First impressions

Ira Lacher‘s takeaways from the presidential election. -promoted by Laura Belin

No matter how this election turns out, two things are certain:

1. Polling remains hopelessly flawed. The “Bradley effect” took hold once again, as it did in 2016. The theory is named after former Los Angeles Mayor Tom Bradley, who lost the California governor’s race in 1982 despite hugely favorable pre-Election Day polling numbers. Reason: people tell pollsters what they want to hear instead of the perhaps socially unacceptable truth — like they beat their wives, smoke cigarettes or intend to vote for Donald Trump. And pollsters have never been able to account for that.

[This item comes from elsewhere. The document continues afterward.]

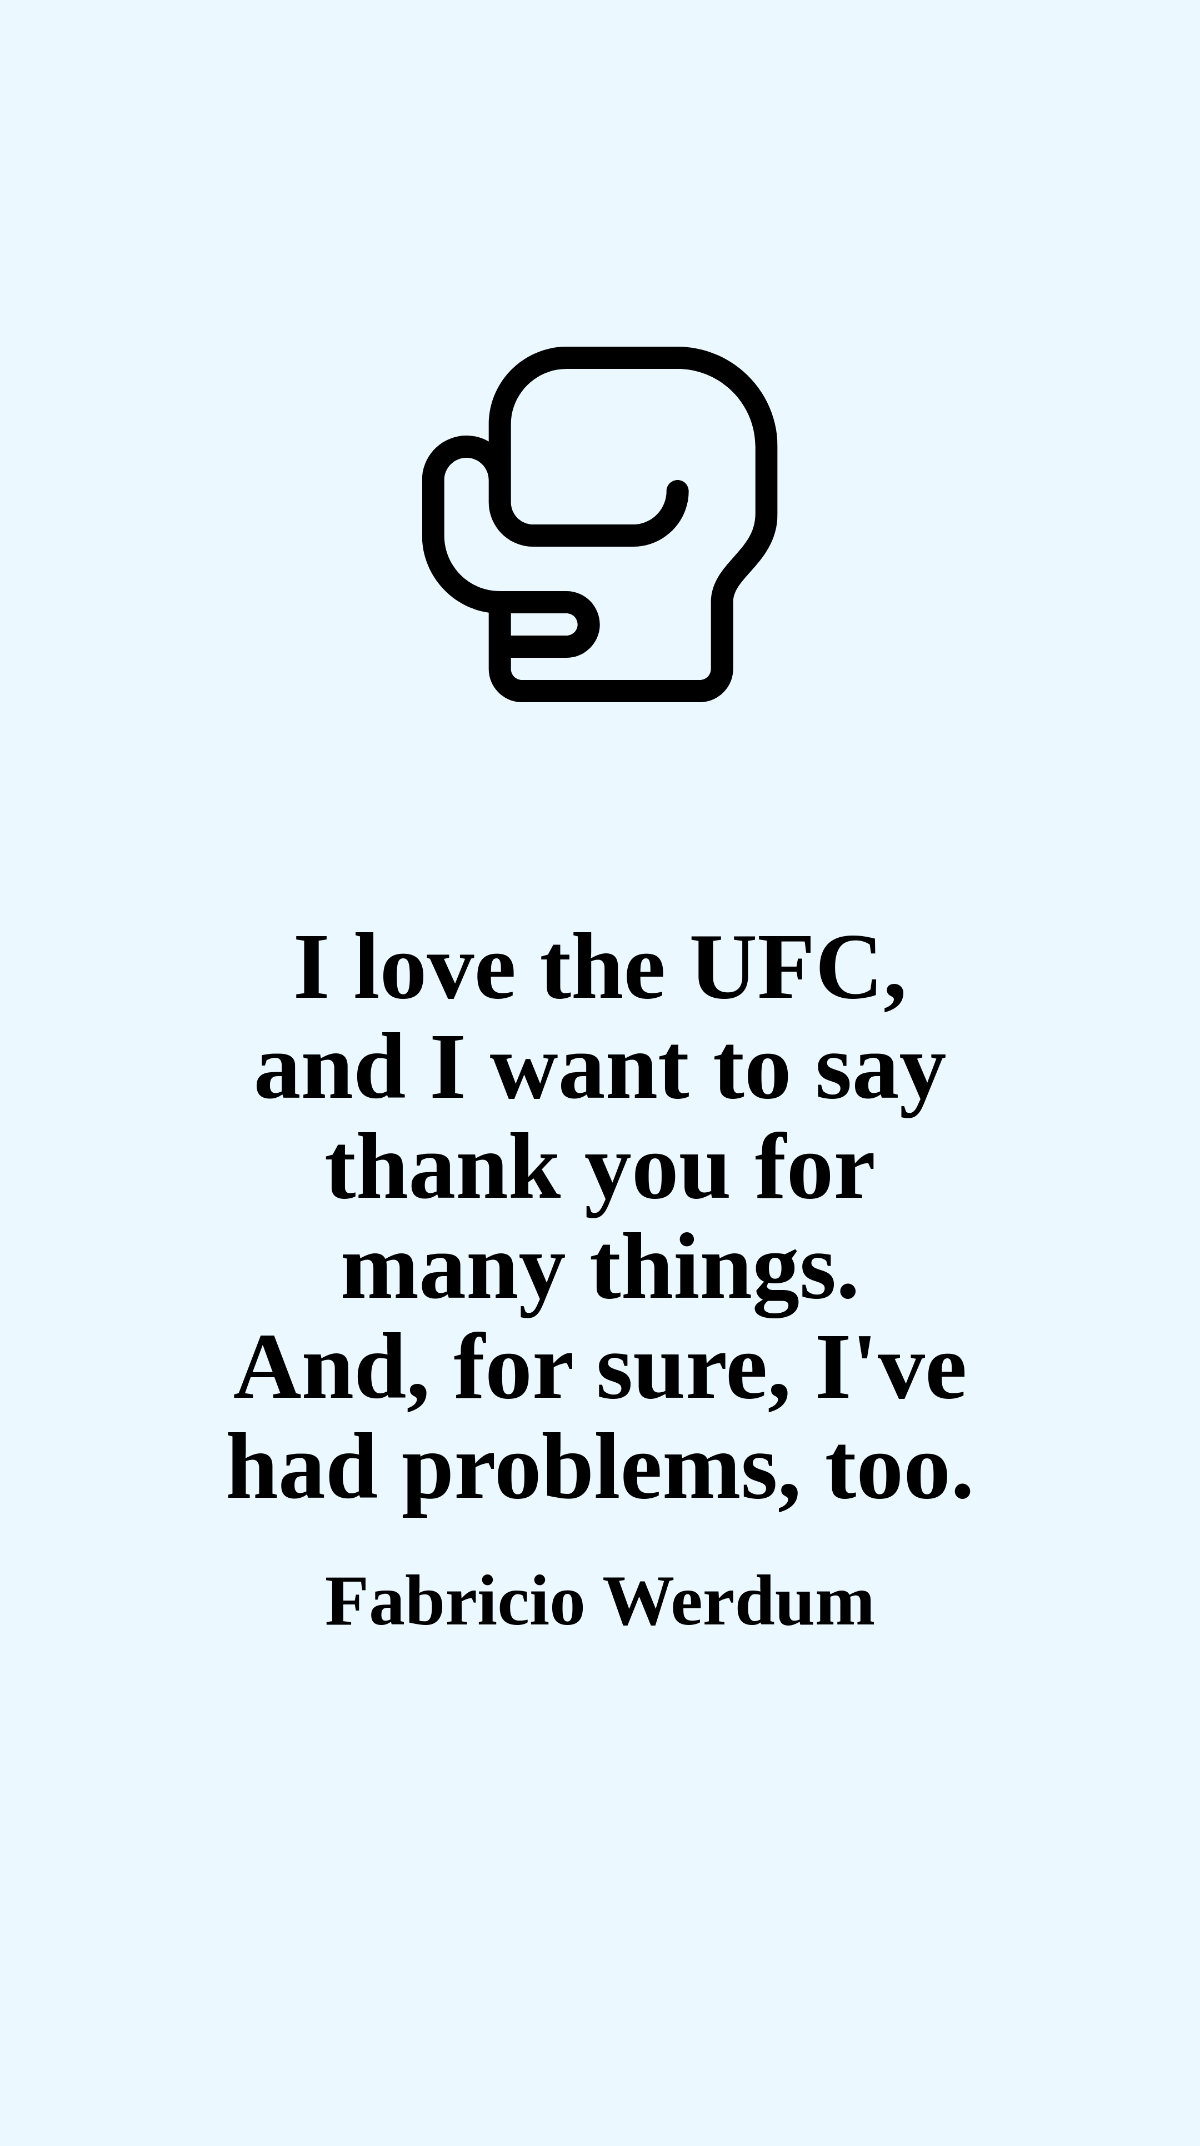 Free Fabricio Werdum - I love the UFC, and I want to say thank you for many things. And, for sure, I've had problems, too. Template

2. As in 2016, the election was about racism. It’s always about racism. Trumped-up warnings of “Black rioters descending on suburbia” carried the day with white voters. When all the votes are counted — if they are allowed to be — we are almost certain to see Trump winning a sizable plurality of white voters if not a majority, which has happened in every single election since 1964.

Isabel Wilkerson, a Pulitzer Prize-winning author and former New York Times reporter, believes it’s more than just racism — she believes America from its outset has been constructed around a social caste system, similar to India’s but less formally coded. The lowest caste, she writes, is occupied by Black people regardless of their economic, cultural or educational status. And, she says, the prospect of America becoming a “majority minority” nation by 2042 has utterly possessed whites, who are terrified of losing their status as being above America’s “untouchables.”

As Wilkerson writes in her seminal book Caste, The Origins of Our Discontents, which every Democrat should read (on page 327):

Caste gives insights, too, into the Democrats’ wistful yearning for white working-class voters that they believe should respond in higher numbers to their kitchen table appeals. Why, some people on the left kept asking, why, oh, why, were these people voting against their own interests? The questioners on the left were unseeing and yet so certain. What they had not considered was that the people voting this way were, in fact, voting their interests. Maintaining the caste system as it had always been was in their interest. And some were willing to accept short-term discomfort, forgo health insurance, risk contamination of the water and air, and even die to protect their long-term interest in the hierarchy as they had known it.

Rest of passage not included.